However, in our study in 2012 we were not able to include the other Alternaria toxins into the analytical scope due to limited sensitivity of the LC-MS equipment. Therefore, the aim of the present study was the development of a new method for the six Alternaria toxins AOH, AME, TA, TEN, ATX I, and ALTP and to apply this method to infant food in order to gain further insight in the actual contamination situation of infant food with Alternaria toxins.

Materials and Methods

Chemicals and Reagents

Analytical standards of AOH, AME, TA, and TEN were obtained from Sigma-Aldrich (Steinheim, Germany). ATX I, ATX II, ALTP, and STTX III were biosynthesized, purified by preparative HPLC and characterized by mass spectrometry (MS) and nuclear resonance spectroscopy (NMR) as reported earlier (Liu and Rychlik, 2013). TA was released from its commercial copper salt as described in the literature (Shephard et al., 1991; Siegel et al., 2009). The stable isotopically labeled standards [2H4]-AOH and [2H4]-AME were synthesized according to the literature (Asam et al., 2009). [13C6,15N]-TA was prepared in our laboratory as published (Asam et al., 2011b). The labeled standards were also chromatographically purified and characterized by MS and NMR studies.

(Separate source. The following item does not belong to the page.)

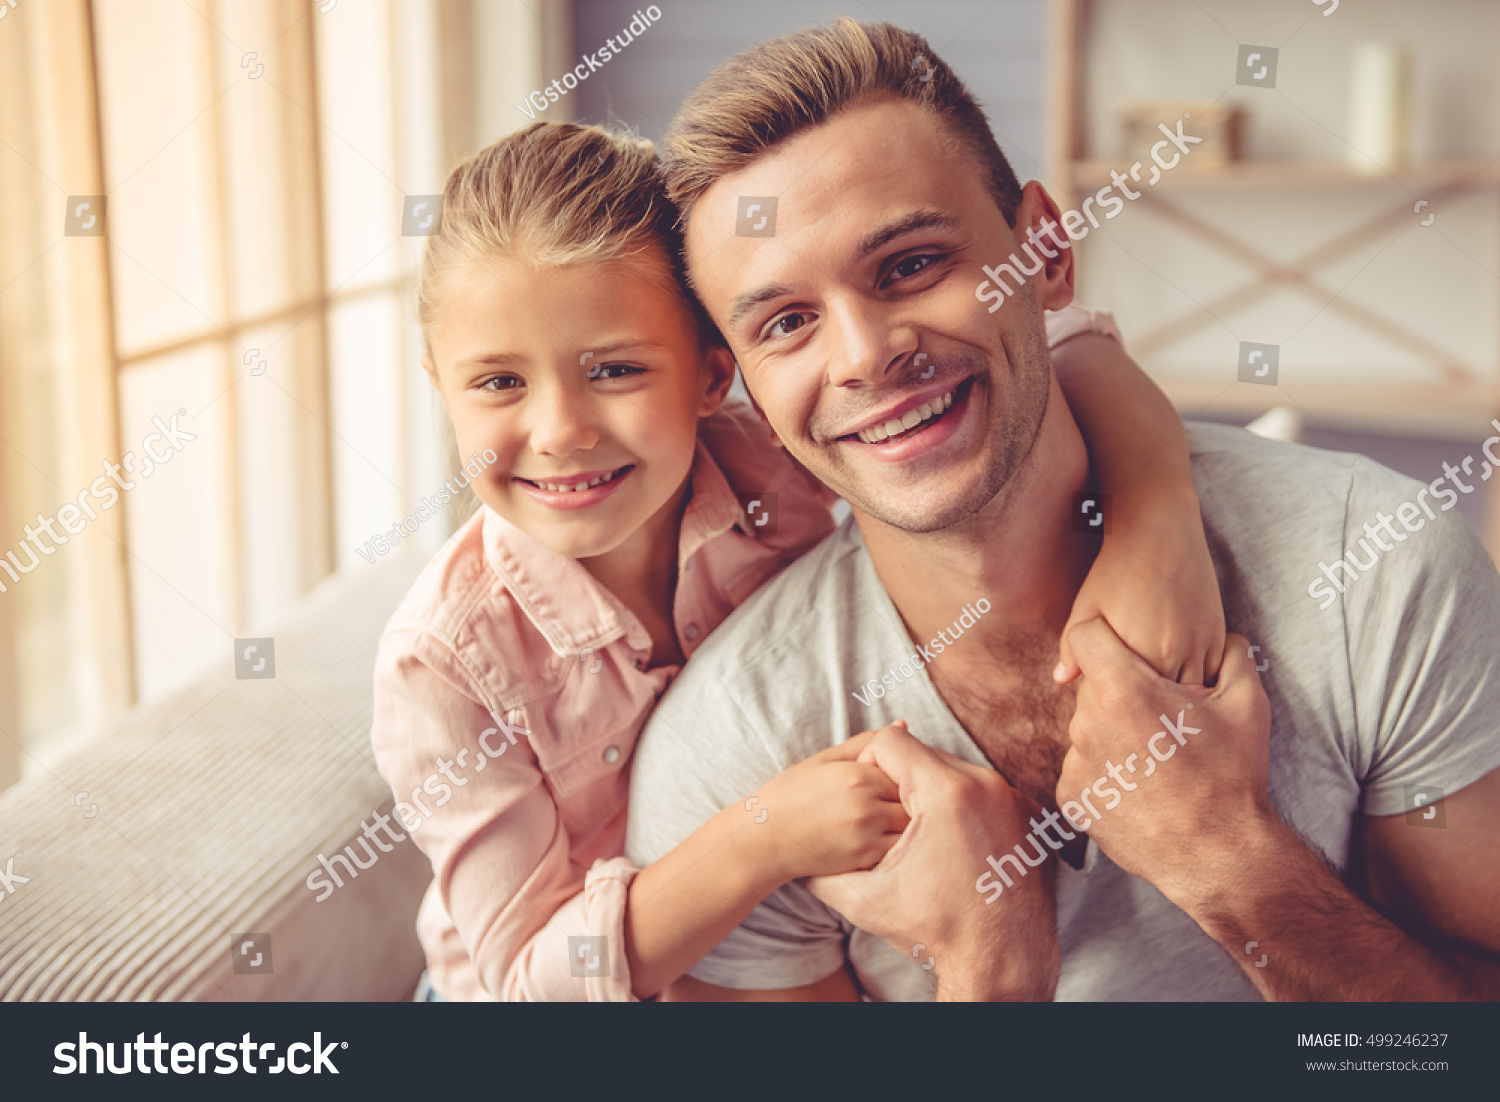 Portrait of handsome young father and his little daughter hugging, looking at camera and smiling while sitting on sofa at home #499246237

Formic acid (≥98%) was obtained from Sigma-Aldrich (Steinheim, Germany). Ammonium formate for mass spectrometry (≥99.0%) was purchased from Sigma-Aldrich (Bellefonte, PA, United States). Ammonia solution (25%, for LC-MS) and starch (high purity) were obtained from Merck KGaA (Darmstadt, Germany). Acetonitrile (analytical grade), methanol (analytical grade), water (analytical and LC-MS grade), and isopropanol (LC-MS grade) were received from VWR International GmbH (Ismaning, Germany). Acetonitrile (LC-MS grade) was obtained from Carl Roth GmbH & Co., KG (Karlsruhe, Germany). Methanol (LC-MS grade) was purchased from HoneywellTM Riedel-de HäenTM (Seelze, Germany).

Preparation of Stock Solutions and Calibration Standards

Stock solutions of unlabeled and labeled Alternaria mycotoxins were prepared in concentrations ranging from 10 to 100 μg/mL in acetonitrile (AOH, AME, and TEN) or methanol (ATX I, ALTP, and TA). The stock solutions were further diluted for sample preparations and method validations. All solutions were stored at -20°C in the dark. The concentrations of solutions were confirmed by UV spectrometry (Genesys, 10S, UV–Vis spectrophotometer, Thermo Fisher Scientific, Madison, WI, United States) using published extinction coefficients (Zwickel et al., 2016). However, ATX II and STTX III were available only in amounts that were not detectable by UV–VIS and, therefore, were only qualitatively included in the method.

LC-MS/MS Analysis

The chromatographic separation of the analytes was performed on a Shimadzu Nexera X2 UHPLC system (Shimadzu, Kyoto, Japan). The LC-parameters for AOH, AME, TEN, ATX I, ATX II, STTX III, and ALTP were adopted from Liu and Rychlik (2013, 2015). A HyperClone BDS-C18 column (150 × 3.2 mm, 3 μm, 130 Å, Phenomenex, Aschaffenburg, Germany) protected by a C18-guard column (4 × 2.0 mm ID, Phenomenex, Aschaffenburg, Germany) served as stationary phase. The column was tempered to 30°C. The flow rate was set to 0.2 mL/min. The binary gradient system consisted of acetonitrile/2-propanol/water (solvent A, 17.5/17.5/65, v/v/v) and methanol (solvent B). The mobile phase was held at 0% B for the first 3 min. The gradient raised linearly from 0 to 100% B in the following 19 min and remained at 100% B for 1 further min. The mobile phase returned to 0% B within the next 2 min and the column was equilibrated for 5 min. 10 μL were used as injection volume. Using an additional valve after the column, the flow was introduced into the mass spectrometer not until 6.9 min after injection to prevent the instrument from matrix contamination.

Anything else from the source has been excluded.